Calculating the required bandwidth for ACK queues for asymetric link

dusan

Thank you for your data.

Based on the "400 kbit/s ack only traffic to download with 16 mbit/s", I added another pattern, "FTP client", which is (epsilon, 1, 0.025, epsilon/5), where epsilon is somewhat arbitrarily chosen (I let it be 2.5E-4).

I've tried using them as a next example of calculation:

K=20. A=0.8, B=16 [mb/s].
"p2p upload" and "p2p download" are constrained by an upper limit of 10%.
"other bulk upload" and "other bulk download" are constrained by an upper limit of 20%.
"web server" and "web surf" are excluded (i.e. upper limited by 0).

Let v7 be the "activity" variable for FTP client (unconstrained).

Given that, WAN acks reached its maximum = 60,59% (while LAN acks reached 0.34% which isn't its maximum) at (v1 = 1.6; v3=2.483; v7=11.863), both links saturated.
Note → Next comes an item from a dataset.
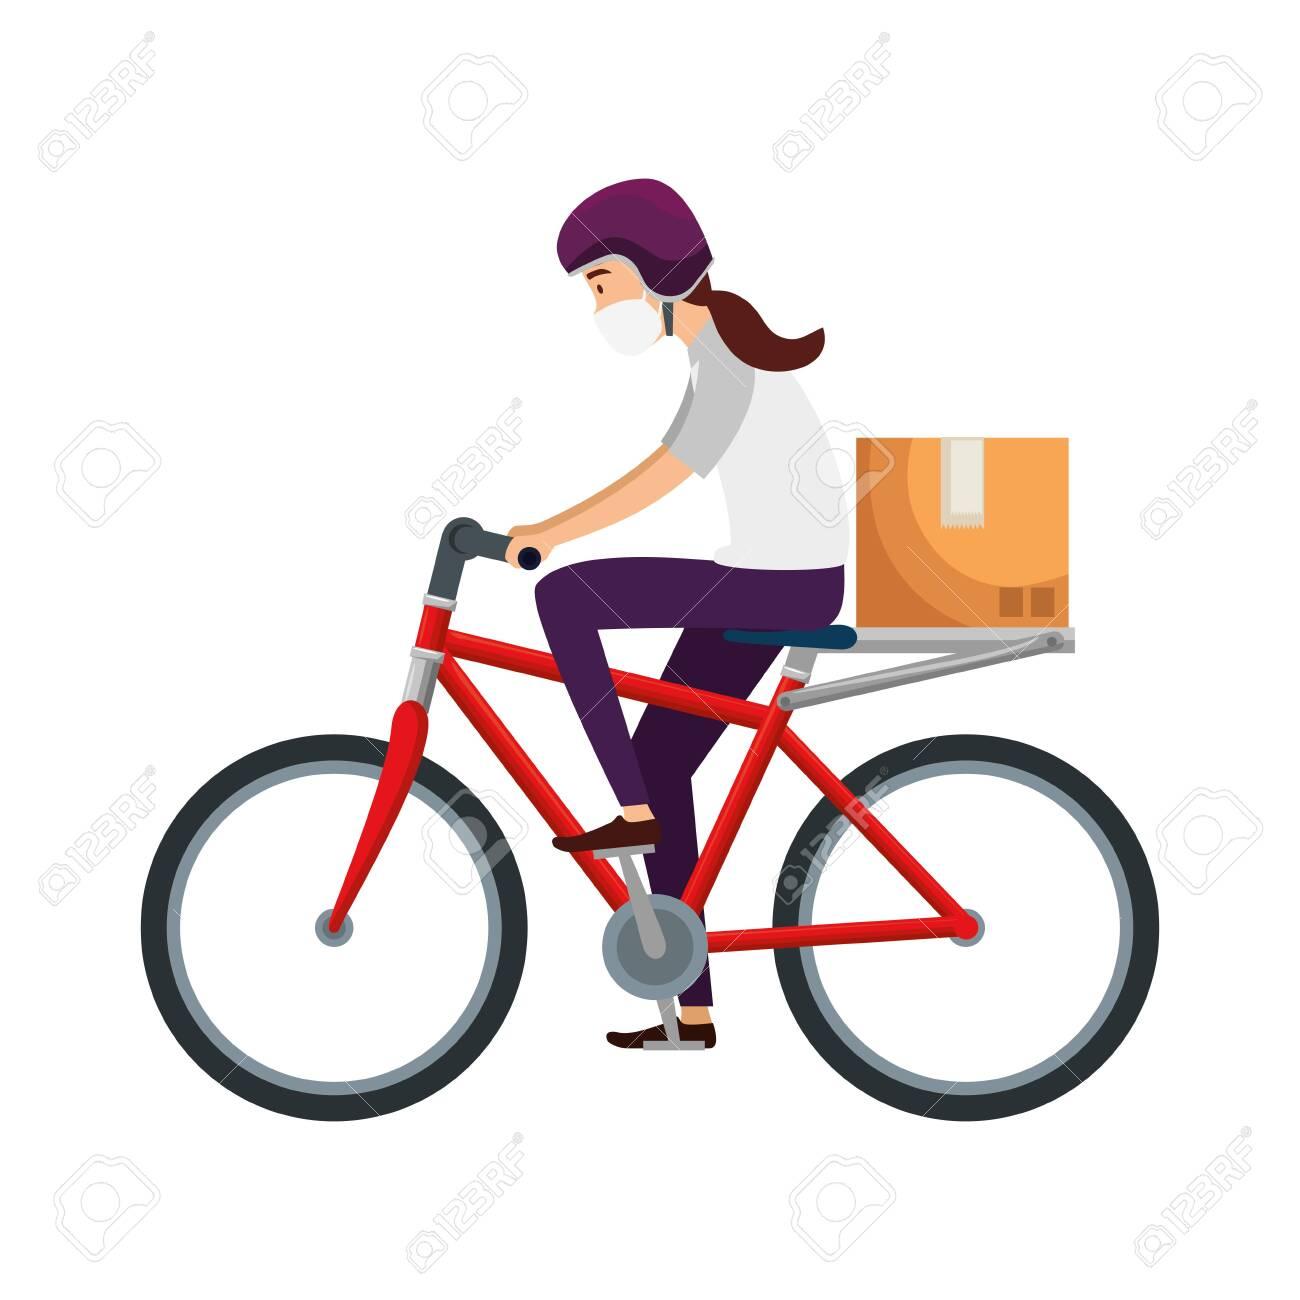 delivery worker female using face mask in bike vector illustration design - 144917335

As noted, my traffic patterns are only illustrative ("bulk download" and "bulk download" was based on audio streaming), to be accurate one would collect his/her own FTP download traffic patterns, say, from the values shown by pftop in its "Queues" screen in "P/S" (packets/second) and "B/S" (bytes/second) columns for qWANack, qLANack, qWANothers, qLANothers, qFTPup, qFTPdown when running (almost) solely FTP at full load.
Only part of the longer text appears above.